Today marks a new chapter in my life. My Marvelwood career came to a close last Saturday after I attended my tenth graduation ceremony. Today, I officially started my new job at EdAdvance. I have spent the past ten years living, eating, teaching, learning and just being on the top of Skiff Mountain in Kent and it’s hard to believe this chapter that was more than a quarter of my life is coming to a close.

When a job opportunity arose just a few months after returning from Finland and barely two months into the new school year there was so much to consider besides changing jobs.

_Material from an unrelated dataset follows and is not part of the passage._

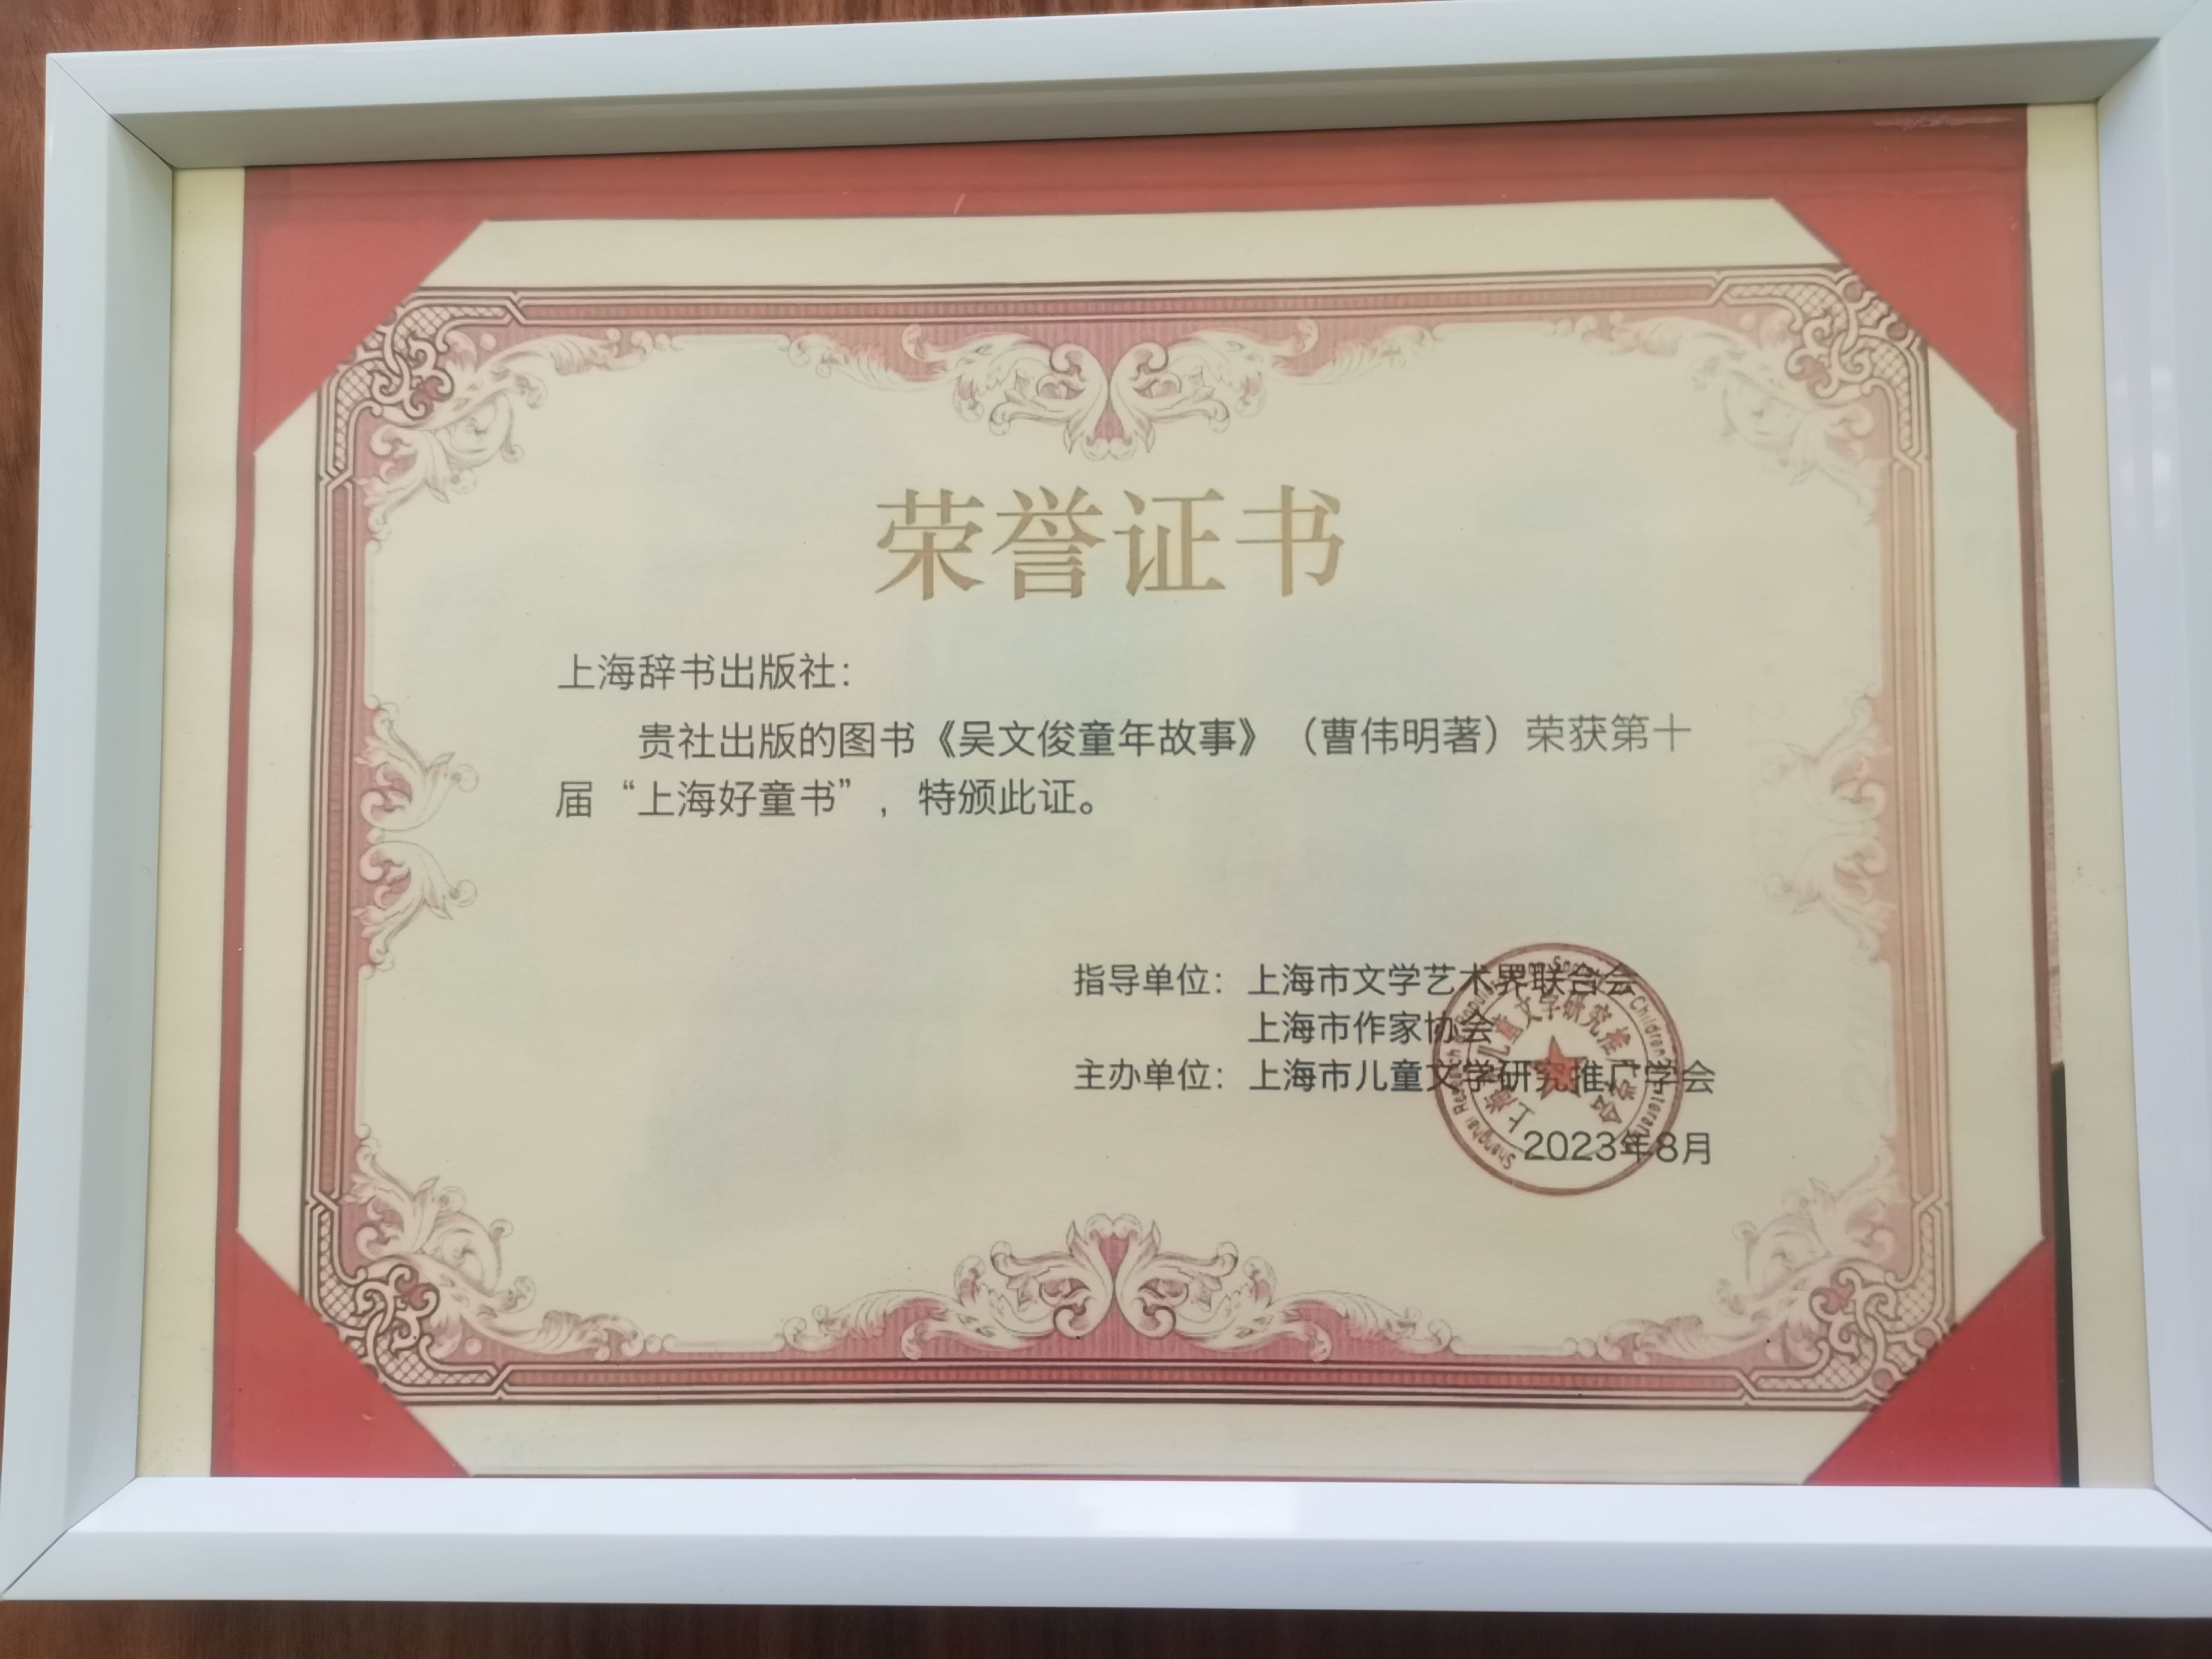 曹伟明教授著作《吴文俊童年故事》的最新获奖证书

Leaving Marvelwood means an entire lifestyle change for me and my family. A house with a mortgage, bills for water, electricity and oil, a septic system! We will have to cook our own meals every night (and morning and afternoon)...and do the dishes! I will have to commute more than a few hundred steps from my front door to my office. My closest friends will not live next door. I will not get to raise my kids in a community where they are always being watched and where I have dozens of responsible babysitters at my disposal at a moment’s notice. Bouncy houses won’t just show up in their front yard with dunk tanks and food trucks and 150 crazy, fun teenagers.

At the same time, I won’t have to walk out in the middle of a bedtime story to go to dorm duty; I can snuggle for as long as I want every night while my children still do actually want my snuggles. I will have full weekends off and can go to Saturday morning library time with the girls. I won’t get sent on a hospital run with a sick teenager in the middle of the night or called out of my house to attend to an advisee. I’m losing my really great schedule with three months off each summer and a month off in March (not to mention the extra long holiday breaks), but I will have vacation time that I can take at the same time as my husband and children so we can enjoy a school vacation together. I can’t just call maintenance to replace an appliance or fix a toilet when it breaks, but I can choose my own appliances and invest in a house that I actually own. And most significant, I will no longer be at a school with students of my own. No one will interrupt my day with a panicked “DOC! I have a paper due tomorrow and I haven’t read the book!” At the same time, no teenager is going to come running up to me to celebrate the 100% on the most recent math test. As a family we weighed all the pros and cons of taking on a new job and a whole new lifestyle and decided that we would go for it.

I’m not just closing the chapter on Marvelwood, I’m also closing my chapter as a classroom teacher (at least for the foreseeable future). I have worked in a classroom for sixteen years. I’ve poured my heart and soul into my students and it has been incredible, but I am ready to grow. Sixteen years ago I started teaching in Camden, NJ because I wanted to do a volunteer program and give back to the world for a year or two. The teaching gig was supposed to be a way to do some service and fill in the gap before I figured out what I was going to do “for real” with my Spanish and French degree. But I fell in love with teaching and working with teenagers and sixteen years later I still absolutely love my students. But when I went applied to UPenn for graduate school the main thrust of my personal statement was about having a bigger impact on American education than I could have in just one classroom.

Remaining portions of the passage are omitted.